Original ArticleCaptopril improves tumor nanomedicine delivery by increasing tumor blood perfusion and enlarging endothelial gaps in tumor blood vessels

- Nanomedicine drug delivery system has become a main stream for tumor therapy. Low perfusion and unfavorable vessels permeability still posed great challenge in effective nanomedicine drug delivery for tumor treatment.

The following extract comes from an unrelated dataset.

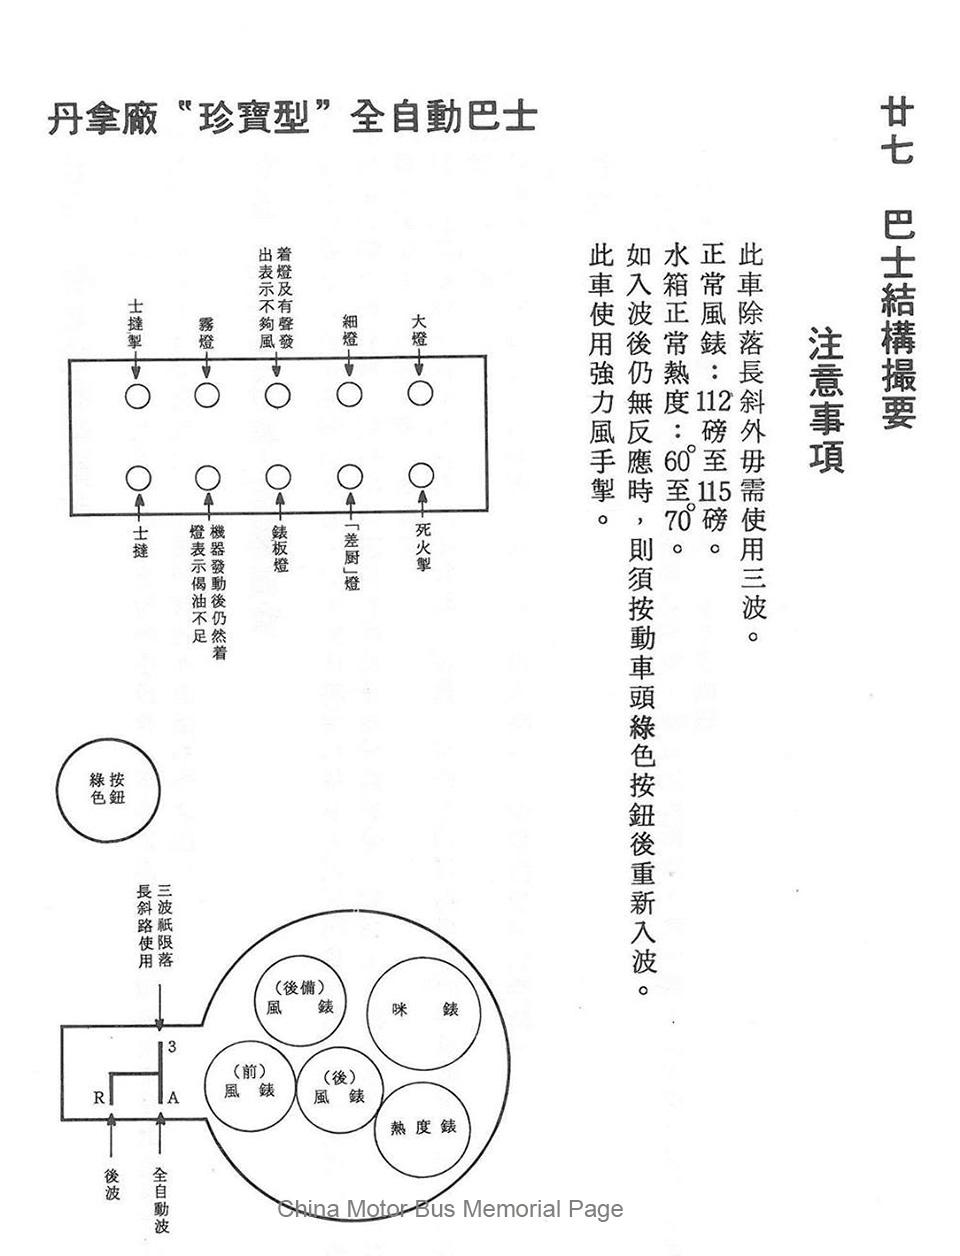 1980_drivertrainingmanual_1A

Enhancement of tumor perfusion and enlargement of endothelial gap were well documented to achieve improved delivery of nanomedicine for tumor and better therapeutic benefits.
- This manuscript reports for the first time that we take advantage of captopril, a drug widely used in clinics capable of reducing blood pressure by dilating vessels, to improve tumor perfusion and enlarge endothelial gap simultaneously to enhance nanomedicine drug delivery for tumor.

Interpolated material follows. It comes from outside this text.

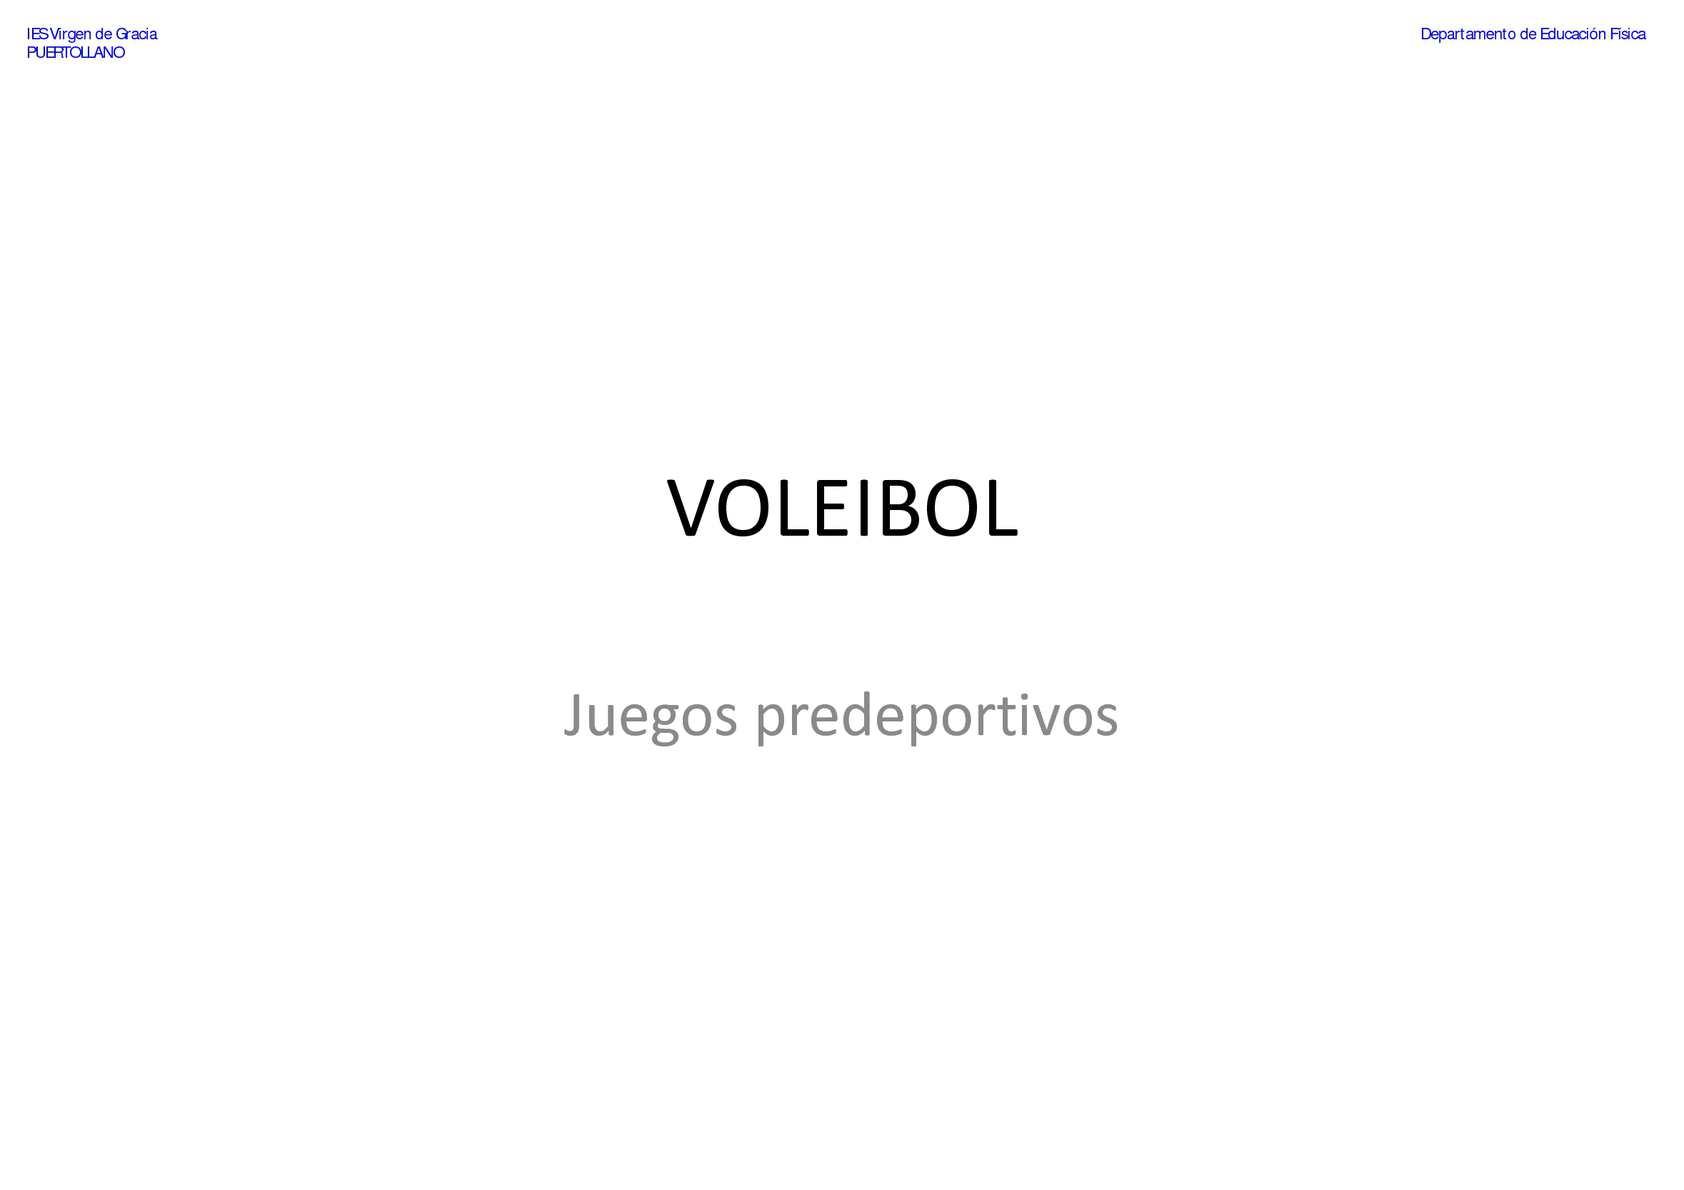 VOLEIBOL - Juegos predeportivos

- The present study thus provided a new strategy to improve nanoparticles drug delivery for tumor treatment with high potential of clinics translation.

Poor tumor perfusion and unfavorable vessel permeability compromise nanomedicine drug delivery to tumors. Captopril dilates blood vessels, reducing blood pressure clinically and bradykinin, as the downstream signaling moiety of captopril, is capable of dilating blood vessels and effectively increasing vessel permeability. The hypothesis behind this study was that captopril can dilate tumor blood vessels, improving tumor perfusion and simultaneously enlarge the endothelial gaps of tumor vessels, therefore enhancing nanomedicine drug delivery for tumor therapy. Using the U87 tumor xenograft with abundant blood vessels as the tumor model, tumor perfusion experiments were carried out using laser Doppler imaging and lectin-labeling experiments. A single treatment of captopril at a dose of 100 mg/kg significantly increased the percentage of functional vessels in tumor tissues and improved tumor blood perfusion. Scanning electron microscopy of tumor vessels also indicated that the endothelial gaps of tumor vessels were enlarged after captopril treatment. Immunofluorescence-staining of tumor slices demonstrated that captopril significantly increased bradykinin expression, possibly explaining tumor perfusion improvements and endothelial gap enlargement. Additionally, imaging in vivo, imaging ex vivo and nanoparticle distribution in tumor slices indicated that after a single treatment with captopril, the accumulation of 115-nm nanoparticles in tumors had increased 2.81-fold with a more homogeneous distribution pattern in comparison to non-captopril treated controls. Finally, pharmacodynamics experiments demonstrated that captopril combined with paclitaxel-loaded nanoparticles resulted in the greatest tumor shrinkage and the most extensive necrosis in tumor tissues among all treatment groups. Taken together, the data from the present study suggest a novel strategy for improving tumor perfusion and enlarging blood vessel permeability simultaneously in order to improve nanomedicine delivery for tumor therapy. As captopril has already been extensively used clinically, such a strategy has great therapeutic potential.